Kebudayaan hidup dan dibesarkan akan mempunyai pengaruh besar terhadap pembentukan sikap. Kebudayaan menanamkan garis pengarah sikap terhadap masalah dan kebudayaan pula yang telah mewarnai sikap masyarakat, karena kebudayaan telah memberi corak pengalaman individu-individu yang menjadi anggota kelompok masyarakat asuhannya.


(39)

d. Media Massa

Pengaruh media massa meskipun tidak sebesar pengaruh interaksi individual namun dalam proses pembentukan sikap dan perubahannya, peranan media massa tidak kecil artinya. Dengan adanya informasi baru yang disampaikan oleh media massa mengenai suatu hal dapat memberikan landasan kognitif baru bagi terbentuknya sikap. Pesan-pesan sugestif yang dibawa oleh informasi bila cukup kuat akan memberi dasar afektif dalam menilai sesuatu hal sehingga terbentuklah arah sikap tertentu.

e. Pengaruh Emosional

Sikap yang terbentuk pada setiap individu merupakan pernyataan yang didasari oleh emosi. Fungsi dari semosi sebagai bentuk penyaluran frustasi atau pengalihan bentuk mekanisme pertahanan ego.

f. Lembaga Pendidikan dan Lembaga Agama

Lembaga pendidikan dan lembaga agama merupakan suatu sistem yang mempunyai pengaruh dalam pembentukan sikap dikarenakan keduanya meletakkan dasar pengertian dan konsep moral dalam diri individu. Dalam ajaran yang diperoleh dalam lembaga pendidikan dan lembaga agama seringkali menjadi determinan tunggal yang menentukan sikap.

Azwar (2007) menyatakan bahwa pembentukan sikap dipengaruhi oleh dua faktor yaitu : (a) Faktor intern yaitu faktor yang terdapat dalam pribadi manusia itu sendiri. Faktor intern berupa daya pilih seseorang untuk menerima dan mengolah


(40)

(b) Faktor ekstern yaitu faktor yang terdapat di luar pribadi manusia, yang berupa interaksi sosial di luar kelompok. Misalnya interaksi antara manusia dengan hasil kebudayaan manusia yang sampai kepadanya melalui alat-alat komunikasi seperti surat kabar, radio, televisi, majalah, dan lain sebagainya.

b. Komponen Sikap

Tiga komponen sikap yang saling adalah : (a) Komponen afektif berisi perasaan-perasaan terhadap objek sikap yang terkait dengan rasa suka atau tidak suka. Komponen afektif merupakan perasaan individu terhadap objek sikap dan menyangkut masalah emosi (Azwar, 2005). Komponen afektif akan menjawab pertanyaan tentang apa yang dirasakan (senang atau tidak senang) terhadap objek sikap. (b) Komponen kognitif berisi keyakinan terhadap objek sikap, akan menjawab pertanyaan yang dipikirkan atau dipersepsikan tentang objek. (c) Komponen perilaku adalah perilaku-perilaku yang disengaja terhadap objek sikap. Komponen perilaku akan menjawab pertanyaan bagaimana kesediaan atau kesiapan untuk bertindak terhadap objek sikap.

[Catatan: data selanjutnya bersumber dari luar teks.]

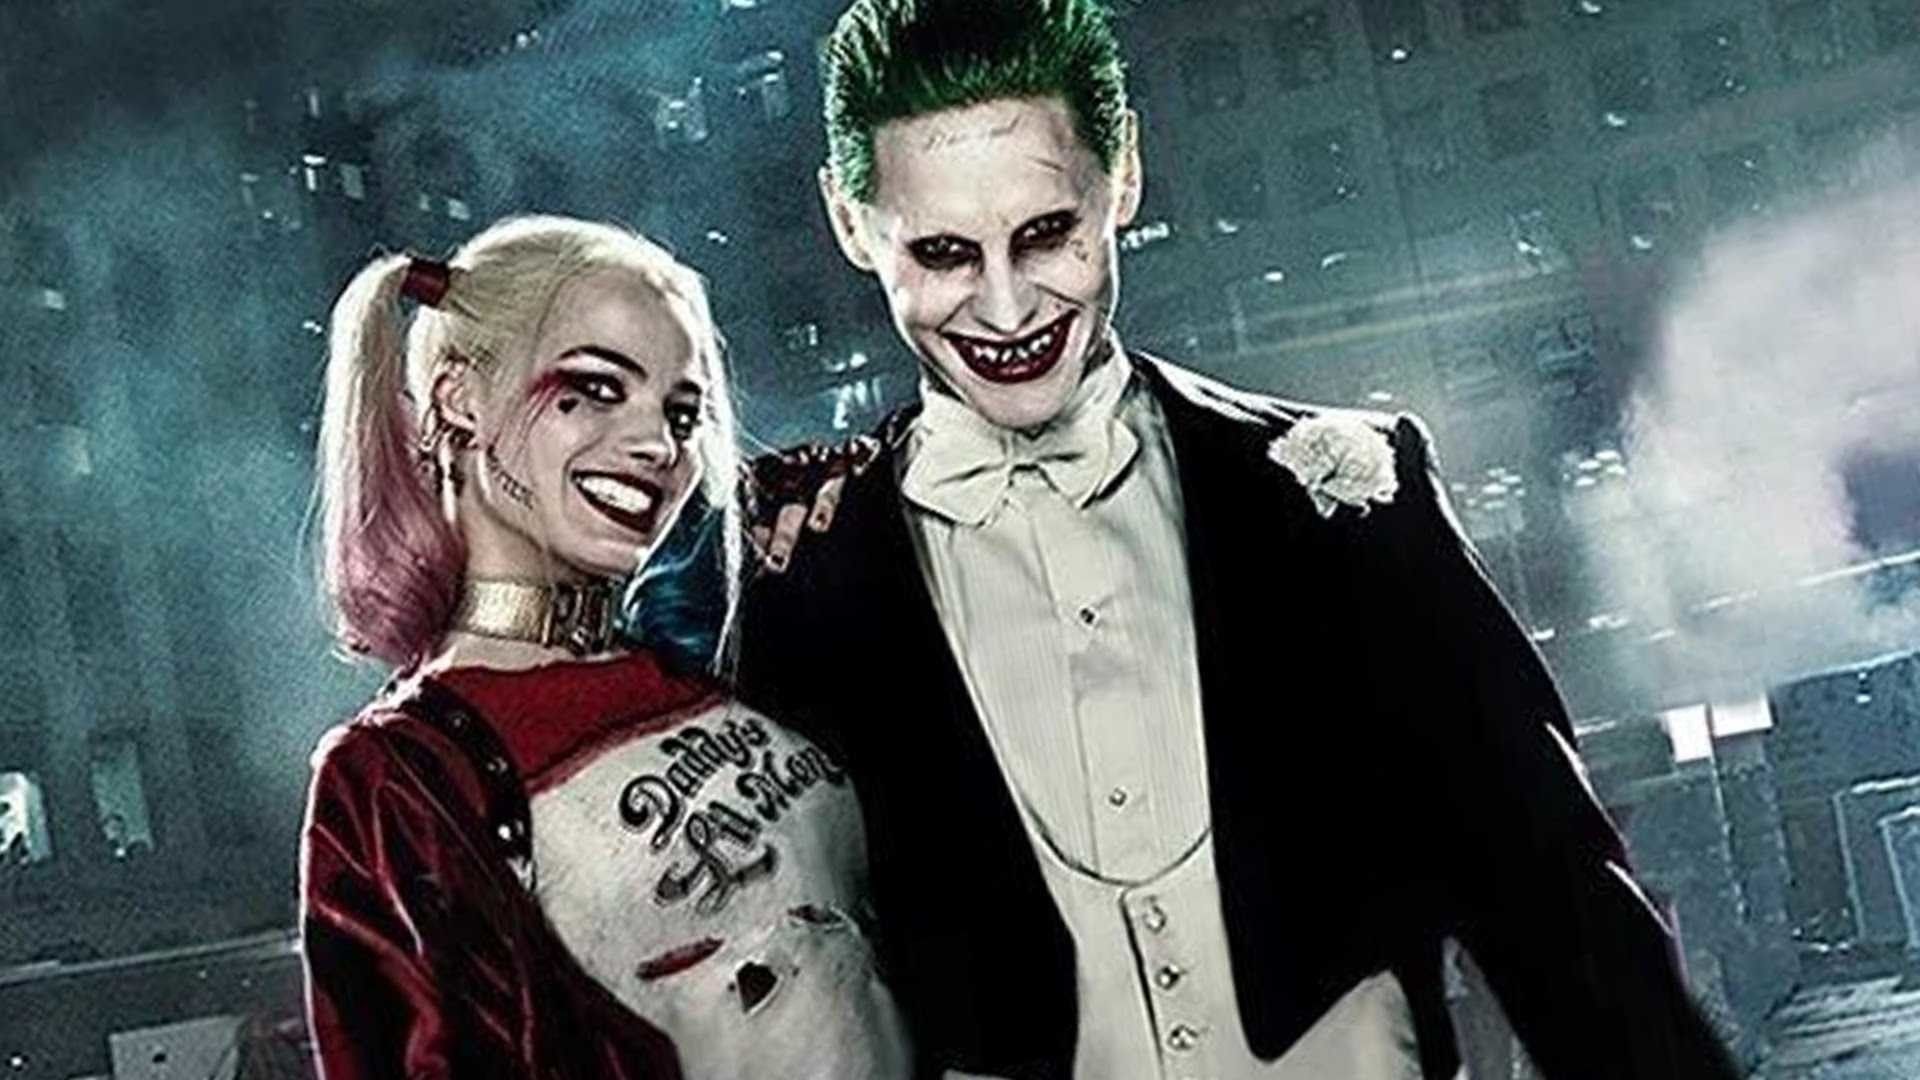 Joker And Harley Quinn Wallpaper

Sikap merupakan komponen yang konstrak meski teoritiknya berbeda satu sama lain. Sekalipun semua komponen berada pada satu kontinum evaluatif namun pernyataan masing-masing komponennya berbeda. Meskipun demikian, komponen-komponen sikap saling mendukung satu sama lain (Azwar, 2007).


(41)

c. Ciri-Ciri Sikap

Sikap menunjukan jenis tingkah laku individu dalam hubungannya dengan stimulus yang relevan berupa orang-orang atau kejadian-kejadian. Ciri-ciri sikap menurut Azwar (2007) adalah : (a) Learnability (dapat dipelajari). Sikap merupakan hasil belajar, baik secara sengaja maupun secara tidak sengaja. Sikap yang dipelajari secara sengaja disebabkan karena individu menganggap hal tersebut memberi manfaat bagi dirinya, membantu tujuan kelompok, dan memperoleh suatu nilai yang sifatnya perorangan. (b) Stability. Sikap yang bermula dari pembelajaran akan menjadi kuat dan stabil melalui pengalaman. Misalnya perasaan suka atau tidak suka terhadap warna tertentu yang sifatnya berulang-ulang atau memiliki frekuensi tinggi. (c). Personal-society significance. Sikap melibatkan hubungan antara individu yang

satu dengan individu yang lain dan antara individu dengan benda atau situasi. (d) Cognitive and affective. Komponen kognisi sikap adalah berisi informasi yang

faktual sehingga akan memunculkan komponen afeksi. (e) Approach-avoidance directionality. Kepentingan individu akan mengiring individu untuk menyeleksi apakah objek sikap favorable.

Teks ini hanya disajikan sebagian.